A large part of the film's look is Dom's look, which became a collaboration between
Shepard, Law, costume designer Julian Day and hair and make-up artist Wakana Yoshihara. "It was
a long process, but I knew that once we found a look for Jude, he could escape into that look and
really find Dom," says Shepard.
Costume designer Day, who recently worked on SALMON FISHING IN THE YEMEN and
DIANA, was thrilled with the prospect of bringing a new twist to a classic costume
genre. "Having read the script and after meeting Richard, I realized his love for British cinema and I
wanted to create a modern look with a twist on 1970's British gangster films," he explains. "Richard
was a fantastic director to work with, as he has an encyclopedic knowledge of films, and is an
incredible collaborator. He was involved on all levels of the process of designing the clothes."

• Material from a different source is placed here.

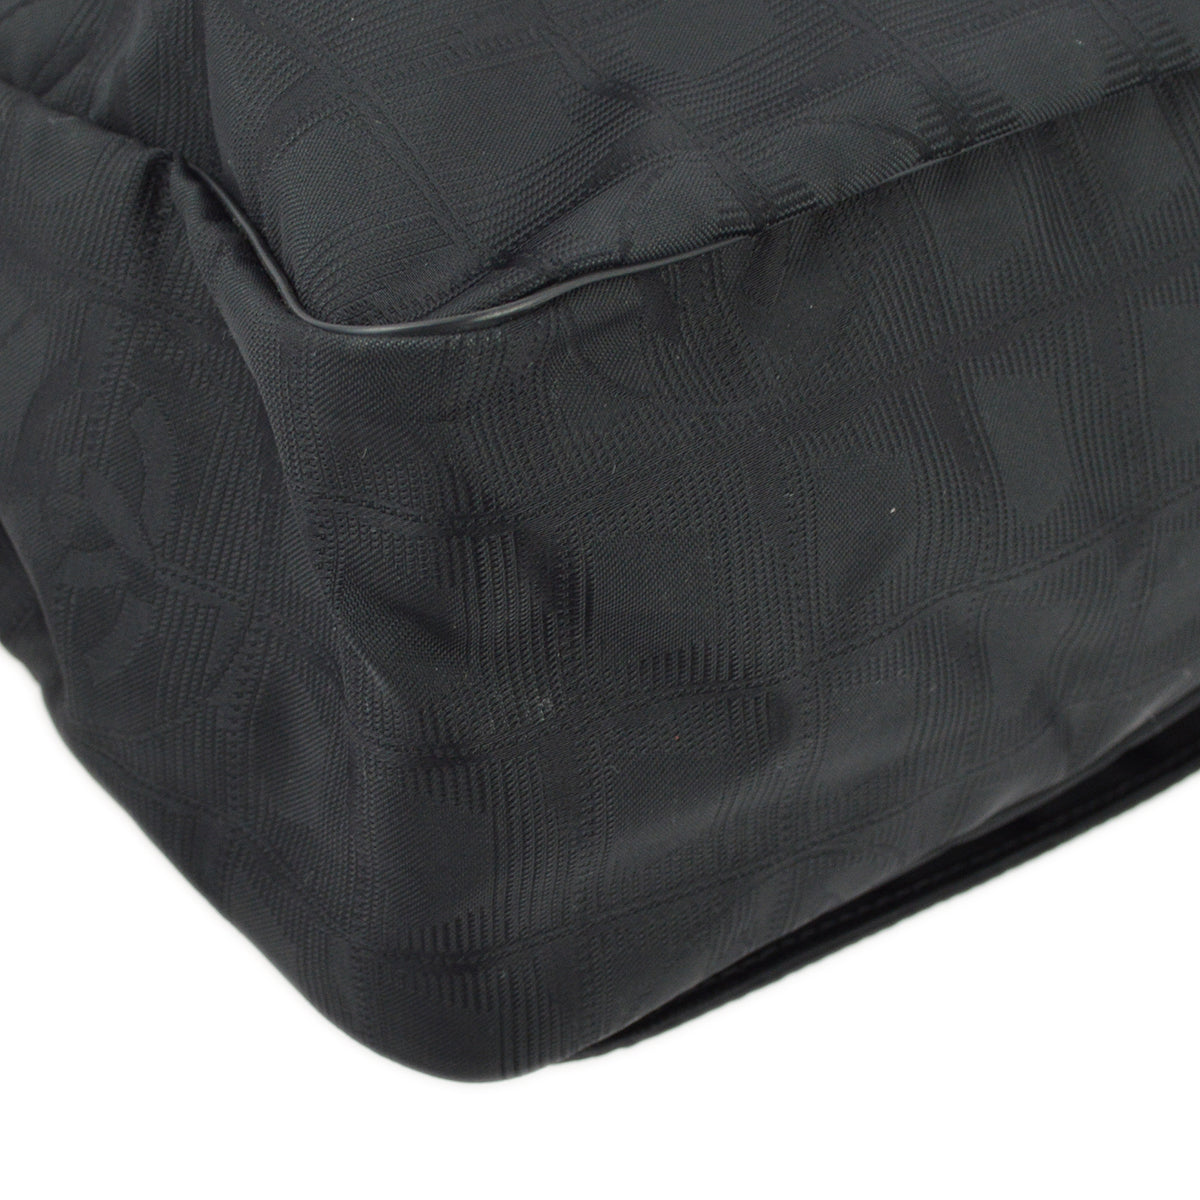 Chanel Black Jacquard Travel Line Messenger Shoulder Bag
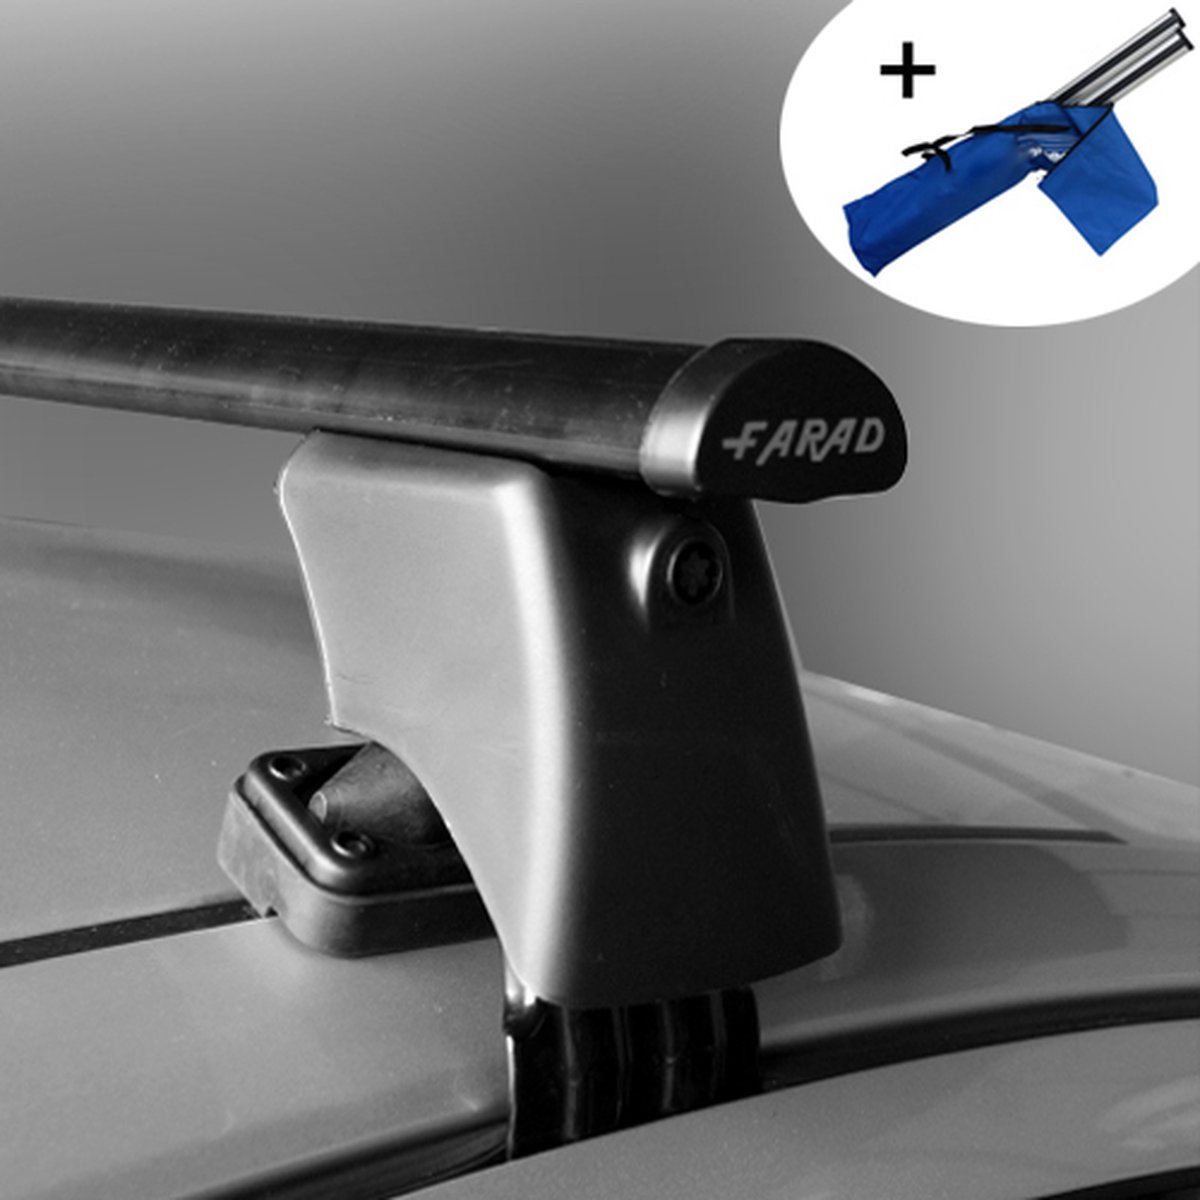 Dakdragers geschikt voor Seat Toledo 5 deurs hatchback vanaf 2013 - Staal - inclusief dakdrager opbergtas

For Dom, Day honed in on a man stuck in a fashion time warp. "Dom's clothes were great
fun to create," he remarks. "I worked with a great tailor, Murat Ozkan of William and George Ltd, to
produce a suit that looked great on Jude -- but also looked like he hadn't worn it for many years. Even
thought it appears ill-fitting in places, Jude managed to look impeccable at all times, even when
rolling down a muddy hill in torrential rain."
Law felt the clothes captured the man. "The little touches that Julian brought were brilliant,"
says Law. "Dom has been in the bubble of prison, out of society. But also as a man, he lives a
whisky-fogged lifestyle of self-denial and escapism, so he comes out not only wearing the clothes of a
man of twelve years younger, but the clothes of a man who was always out of sorts anyway. Julian
was clever in that he cut everything Dom wears so that it pinched in all the wrong places. All of that
adds layers and helps tell the story of a guy out of time and out of touch with who he is in the world."
Day also had a blast with Dickie's attire. "Richard E Grant's clothes are a definite throwback
to the 60's -- they are like PERFORMANCE crossed with THE ITALIAN JOB -- but my main
influence was Hunter S. Thompson, one of the greatest style icons," he says. Day also admits: "I
used my own 60's yellow tinted sunglasses to finish off Dickie's impeccable taste in clothing."
He equally enjoyed the film's full cast of characters, each one a work of fashion eccentricity
in his or her own right. "This film was one of the most enjoyable jobs I have ever worked on," he
concludes, "with a fantastic cast and crew and great characters to design for."
Hair and make-up designer Yoshihara, whose film work ranges from SKYFALL to TINKER,
TAILOR, SOLDIER SPY to HARRY POTTER, altered Law's facial features substantially. At first
the designer found it hard to imagine that someone of Law's looks and build could morph into the
character she had read in the script, but over time, the look was honed into something that came alive.
In researching several well-known East London gangsters, Yoshihara found that many had
broken noses and facial scars, and she wanted to add that touch of mystery to Dom Hemingway. "I
thought that it would be great for the audience to wonder what might have happened to create his
various scars and features," she explains.
Law bears a custom-made set of prosthetic teeth that give him that Dom smile and wears an
uncomfortable device that sets Dom's broken nose at an angle. "We gave him golden teeth, but
nicotine-stained gold. So when he smiles, you can see how many cigarettes he's smoked in prison,"
Yoshihara laughs. "We also applied lots of pigmentation to make him look like a person who hasn't
taken care of himself, layering shades to create a perfectly unhealthy look."
All of those details were essential, of course, to making the film feel as real as it does
outrageous. But the inexplicable magic came when the cameras rolled and Law submerged his entire
self beneath the boiling surface of Dom's persona.
Having embedded himself so intently, Law says he won't soon forget Dom Hemingway or
the surprising outcome of his escapades. "Playing Dom was an exhausting process and I developed
some very bad habits which took a while to shake off," he confesses. "But I learned a lot from him.
I'll miss him. I loved being him and loved having him in my life. That sounds terribly sentimental,
but he's got a quality that is very attractive. He can't help but be himself, even if that self is very loud
and sometimes appalling. The best way to describe Dom Hemingway is that he is indescribable."